R-INLA package version r ml$st$var$wbf$res$version$R.INLA

There is significantly more variance within families than between families. Part of this intra-family variance might be due to the interaction GxE which is not included in this model. Note also that the posterior variance of the family is around the value estimated with REML.

# Marginals of the variances (inverse precisions)
ml$st$marginal.variances <- 
  with(
    ml$st$var,
    c(wef$res$marginals.hyperpar[c('Precision for recode',
                                   'Precision for FAM')],
      wbf$res$marginals.hyperpar[c('Precision for the Gaussian observations',
                                   'Precision for recode')])) %>% 
  lapply(function(y) inla.tmarginal(function(x) 1/x, y)) %>% 
  structure(names = c('Within Family',
                      'Between Families',
                      'Residual',
                      'Additive-genetic')) %>% 
  c(.,
    list('Spatio-temporal' =
         ml$st$var$wbf$spde$marginals.variance.nominal$variance.nominal.1))

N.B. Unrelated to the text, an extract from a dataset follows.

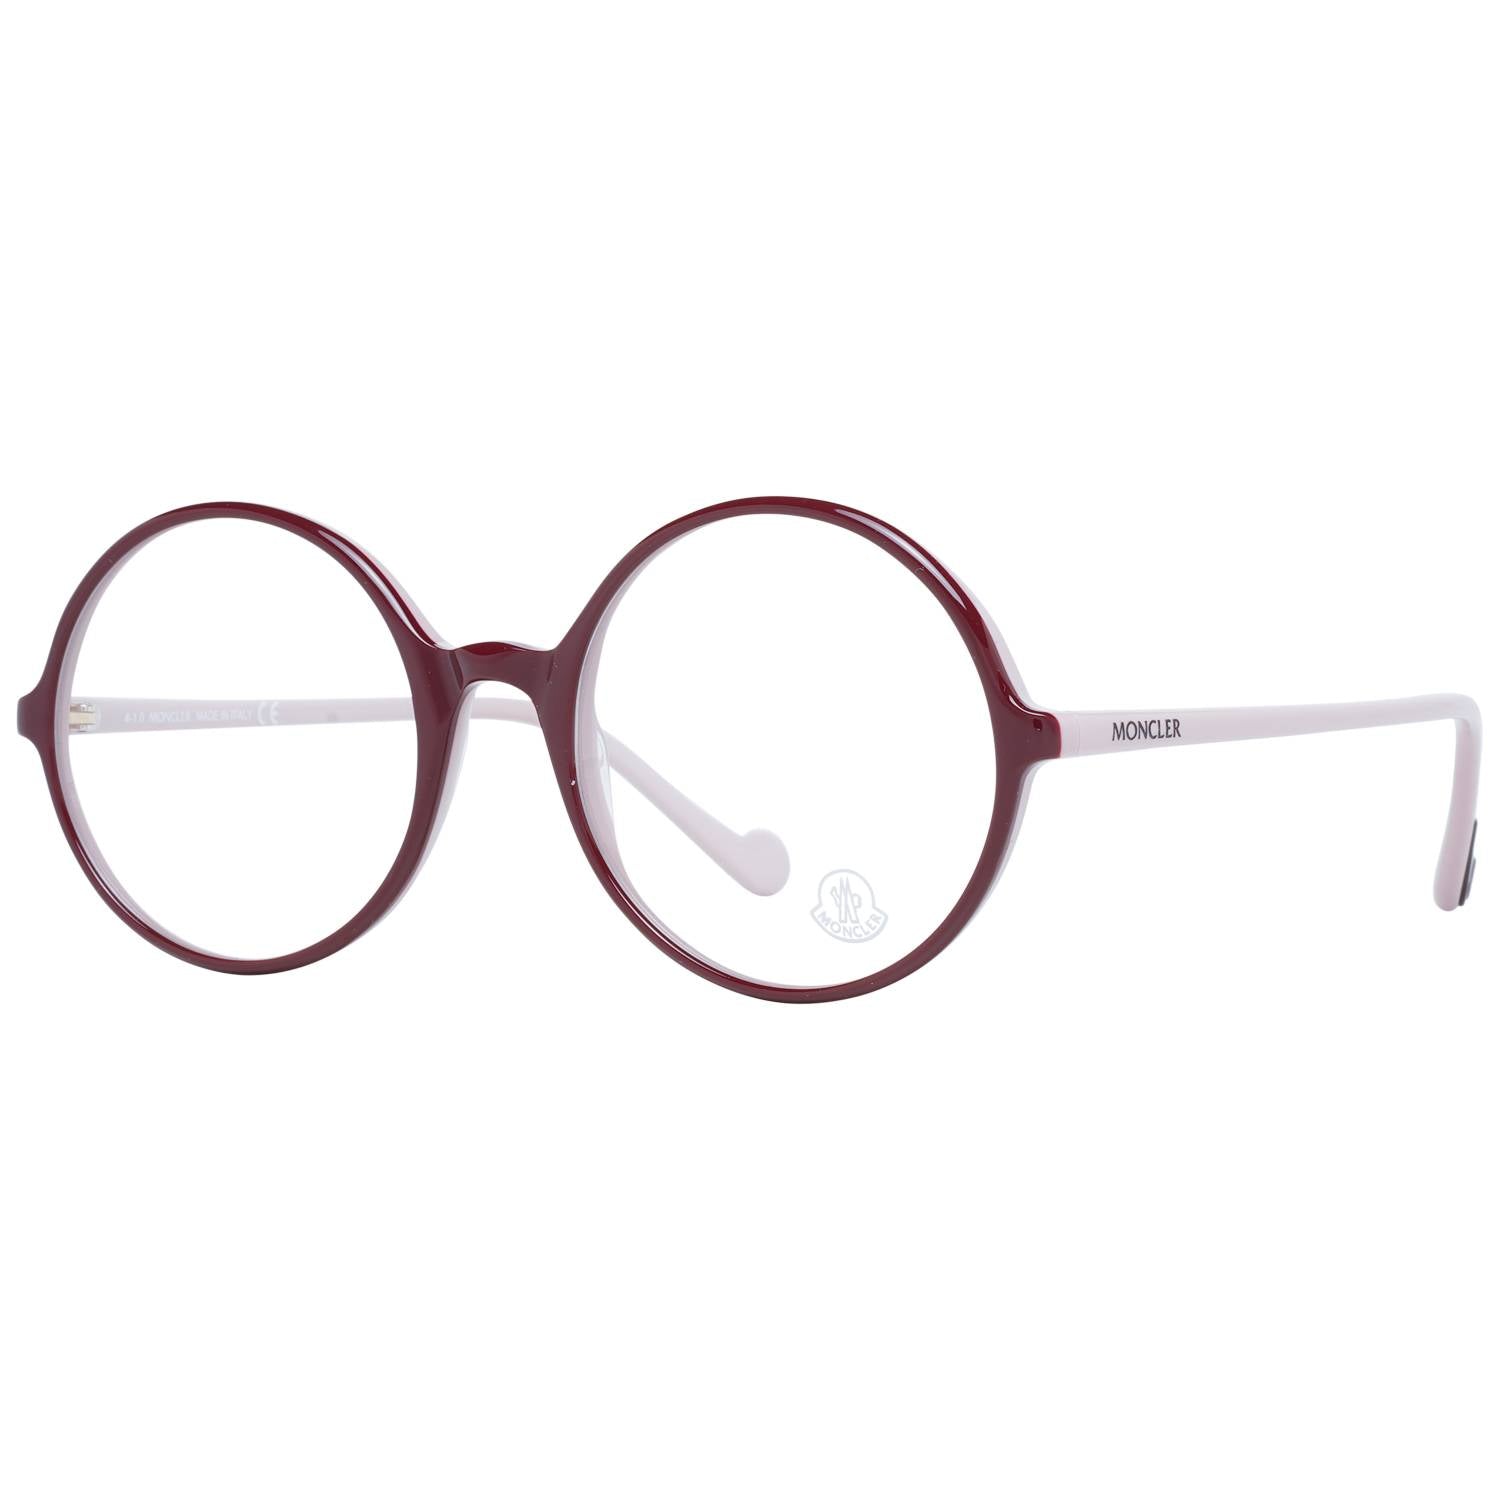 Moncler Eyeglasses Moncler Glasses Frames ML5088 083 54mm Eyeglasses Eyewear UK USA Australia 
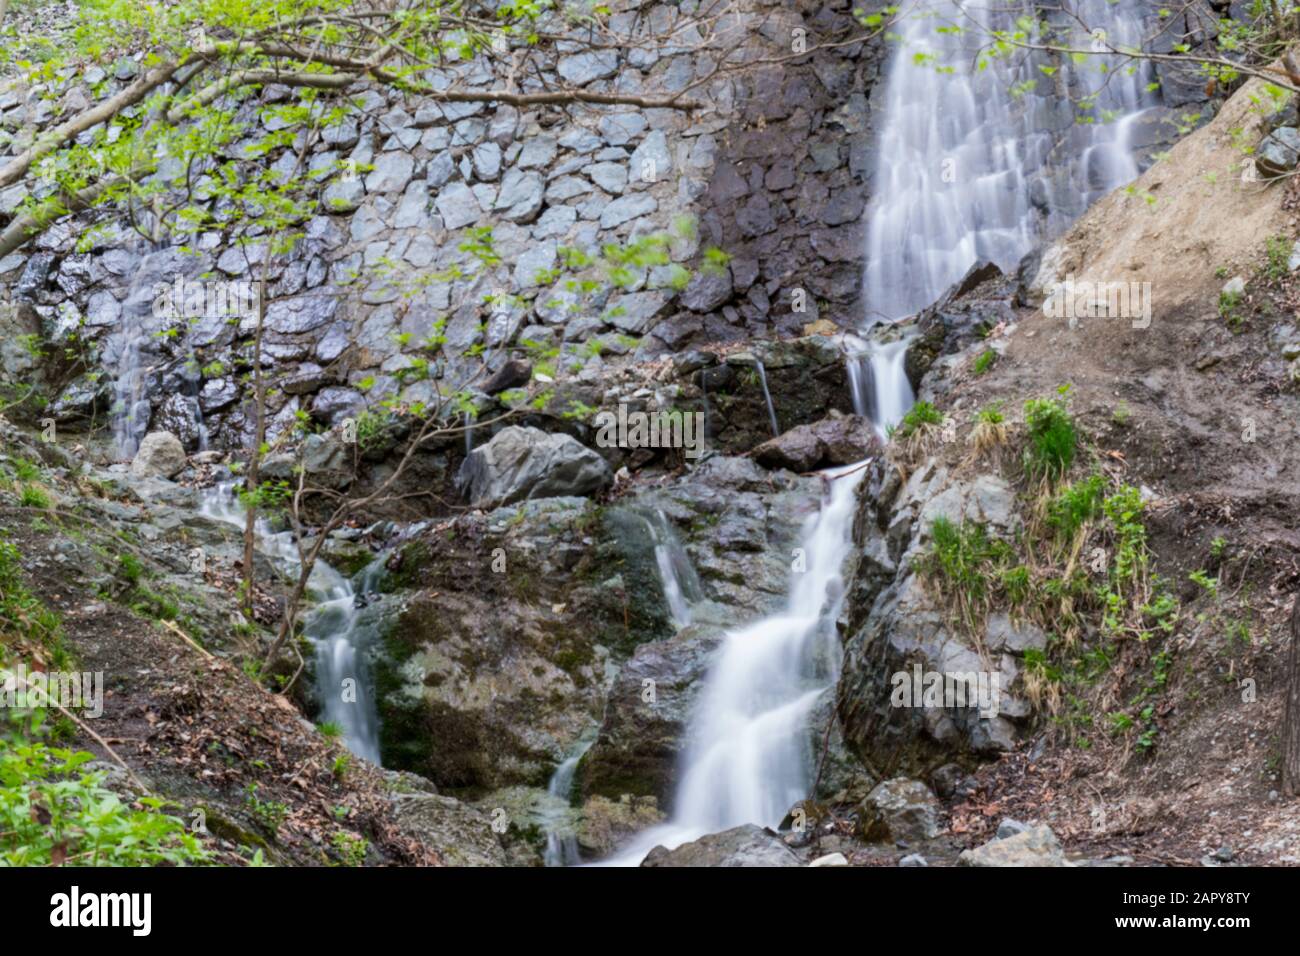 Langzeitfotografie mit künstlichem Wasserfall auf dem Weg des Flusses Golab darreh, nördlich von teheran, iran Stockfoto

ggplot(ldply(ml$st$marginal.variances[1:2], identity), aes(x, y)) + 
  geom_line(aes(col = .id))
## Mode and 95% HPD Credible Intervals

ml$st$summary.variances <- 
  rbind(
    sapply(ml$st$marginal.variances, inla.mmarginal),
    sapply(ml$st$marginal.variances, function(x) inla.hpdmarginal(.95, x))
  ) %>% 
  structure(dimnames = list(c('mode', 'lo', 'hi'),
                            names(ml$st$marginal.variances)))

print_estimate <- function(x) 
  paste0(unname(round(ml$st$summary.variances[1, x], 3)),
        ' (', paste(round(ml$st$summary.variances[2:3, x], 3), collapse = ', '), ')')

Posterior modes and 95% HPD Credible Intervals are r print_estimate('Between Families') for the variance between families and r print_estimate('Within Family') for the variance within families

Variance components

## improved estimates of hyperparamters
# ml$st$wif$res <- inla.hyperpar(ml$st$var$wbf$res)

ml$st$summary.variances %>% 
  adply(2, .id = 'Component') %>% 
  rename(Variance = mode) %>% 
  arrange(desc(Variance)) %>% 
  mutate(Component = factor(Component, levels = Component)) %>% 
  ggplot(aes(Component, Variance)) +
  geom_pointrange(aes(ymin = lo, ymax = hi)) +
  coord_flip() +
  expand_limits(y = 0)

Posterior modes and 95% HPD Credible Intervals are r print_estimate('Residual') for the residual variance and r print_estimate('Additive-genetic') for the Additive-genetic variance.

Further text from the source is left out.